O acaso colocou-nos frente a frente. Olhos azuis translúcidos como pedras preciosas, sorriso franco, pele clara sem ser branca, dentes pequeninos e certinhos, um batom rosa a dar-te um ar delicado e infantil. E falámos. Falámos dos teus projectos de escultura orgânica, dos lugares que visitamos e gostávamos de conhecer, do Stonehenge, de bares e música, relações falhadas, tudo de forma quase pueril.

 

Estávamos só nós, o resto tinha deixado de existir, sequer de fazer sentido.

 

Colocaste a tua mão, os dedos longos e finos sobre os meus e disseste:

 

- Gosto de ti.

 

Não foi um gosto de ti qualquer, havia nele promessas futuras.

 

Expliquei que o teu interesse, carinho, me deixou, como deixaria qualquer outro homem, nas nuvens.
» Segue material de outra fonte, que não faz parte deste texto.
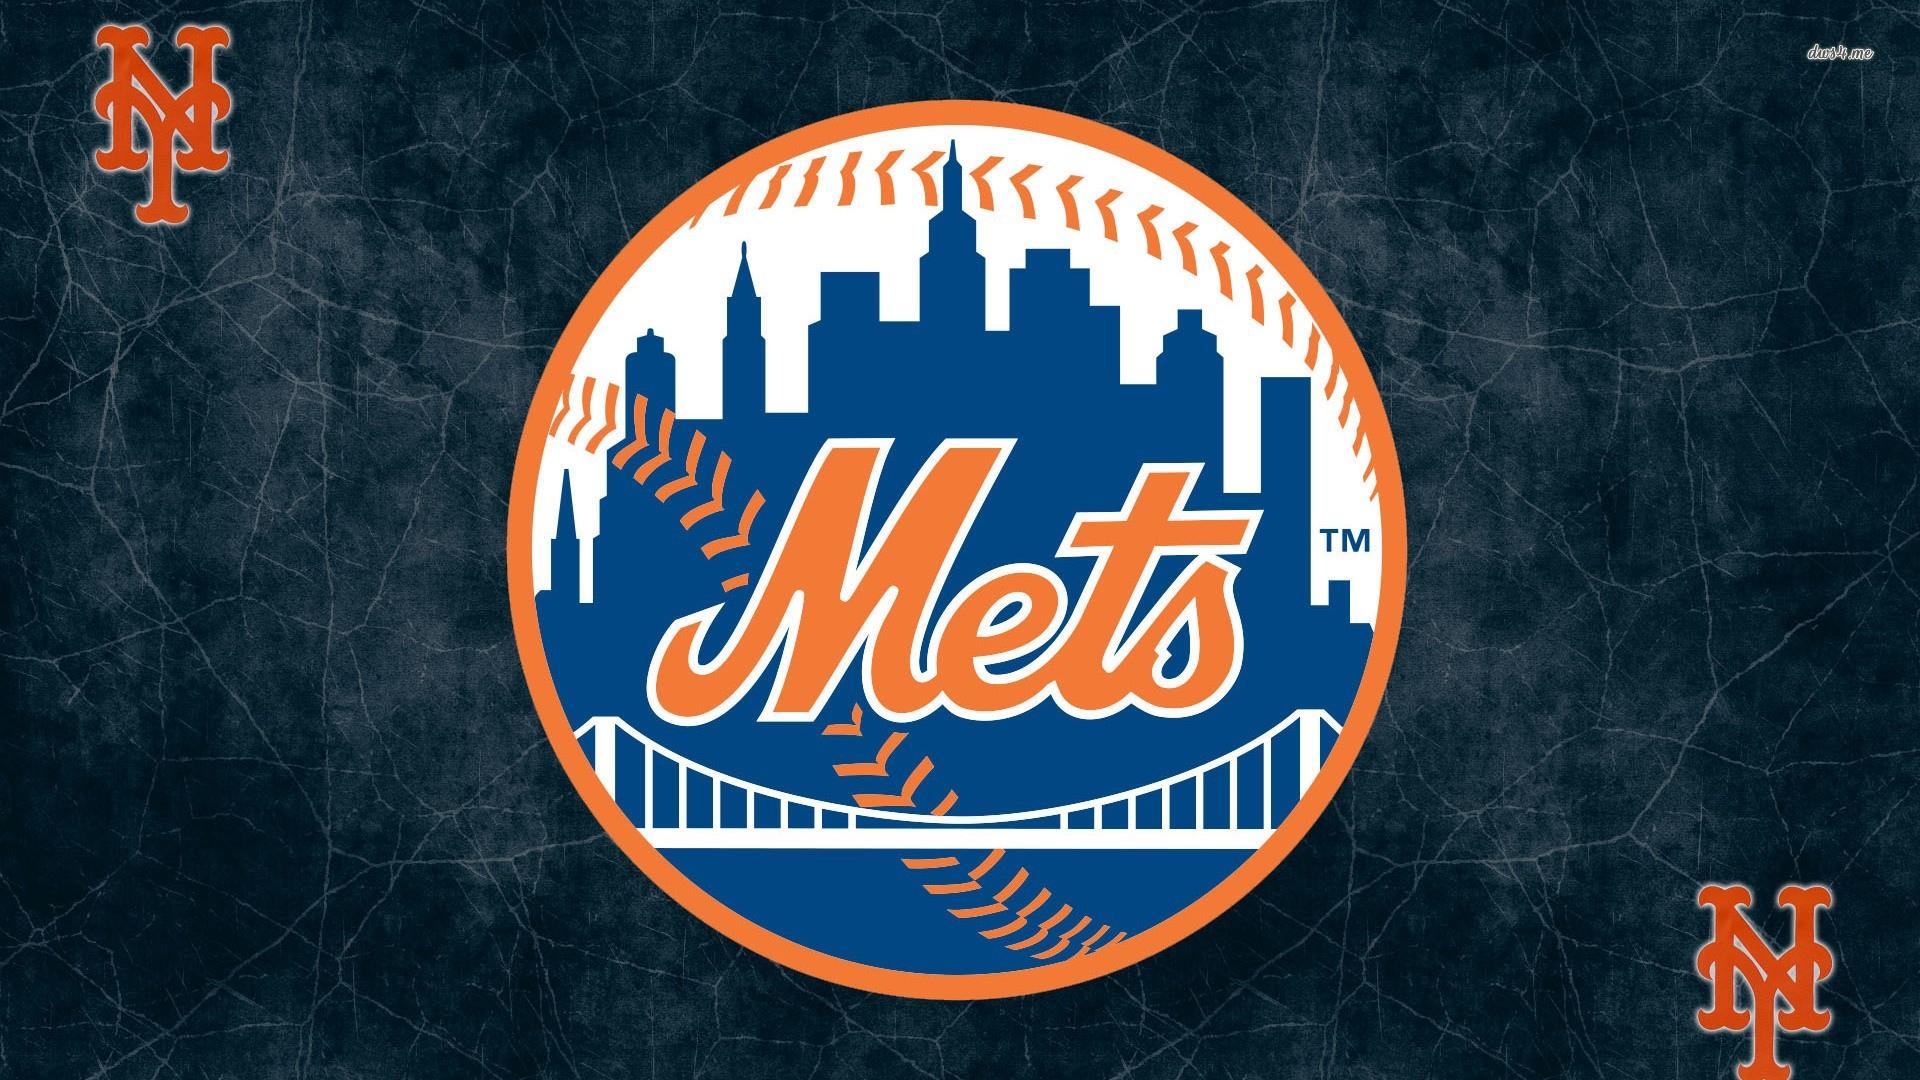 New York Mets Wallpaper: NY Mets Wallpaper Mlb (69+ Images
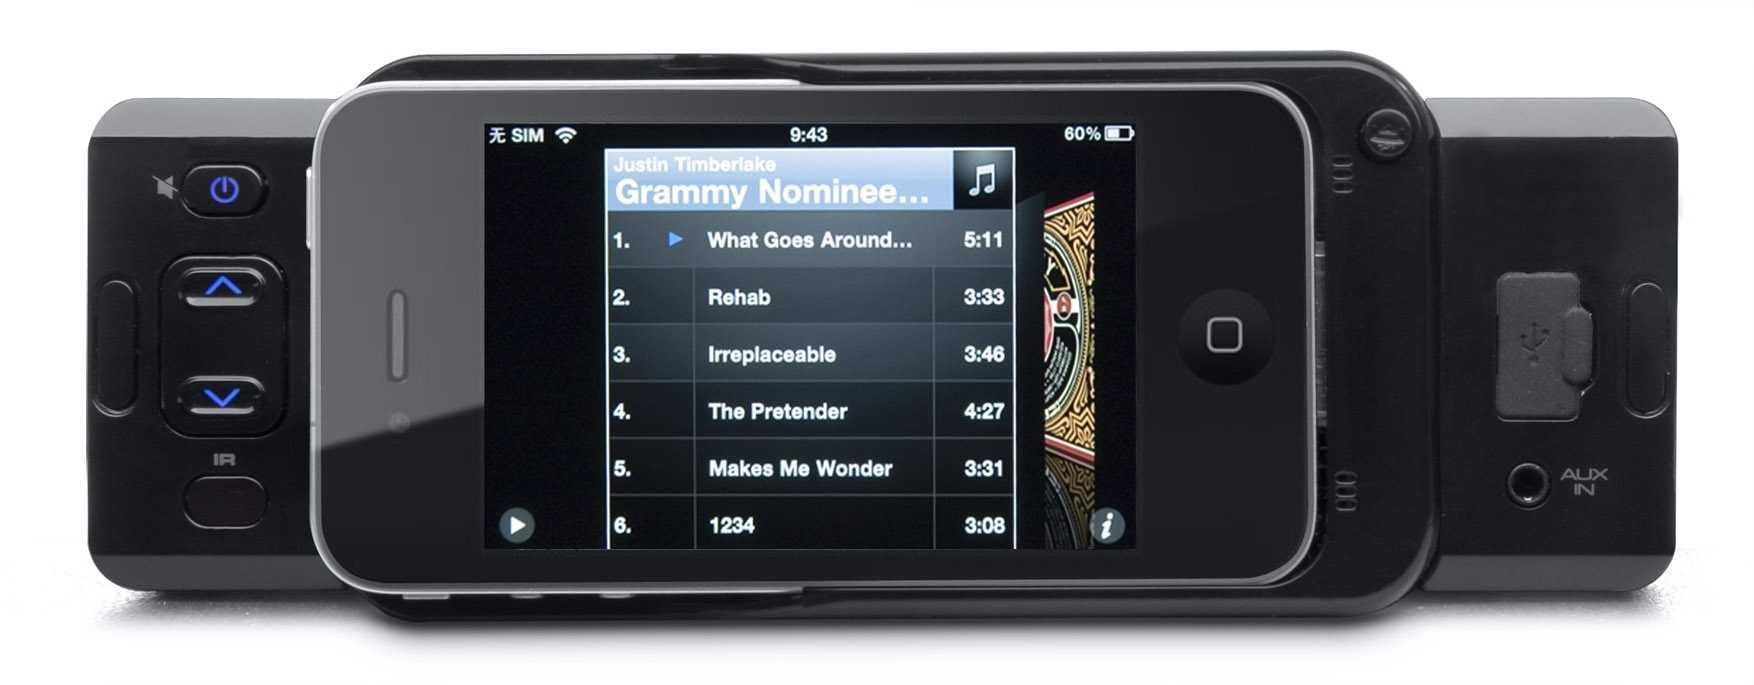 autoradio mit dock f r iphone 3g bis 4s mac i. Black Bedroom Furniture Sets. Home Design Ideas

Mais que tudo sentia-me lisonjeado pelo interesse de uma mulher tão jovem, tão bonita, que via o rapaz escondido atrás dos cabelos brancos.

 

- Sabes, podia apaixonar-me por ti com facilidade, pela tua frescura, frontalidade. Talvez o devesse fazer. Mas sou um tipo de família, ladro muito mais que o que mordo e não seria justo para ti, para mim e para os outros.

 

Beijei-a na testa, um beijo longo, que não era paternal, antes ternura em estado puro e saí para a rua.

 

As andorinhas estavam a terminar o seu festim de fim de tarde, sabia que era tempo de voltar a casa.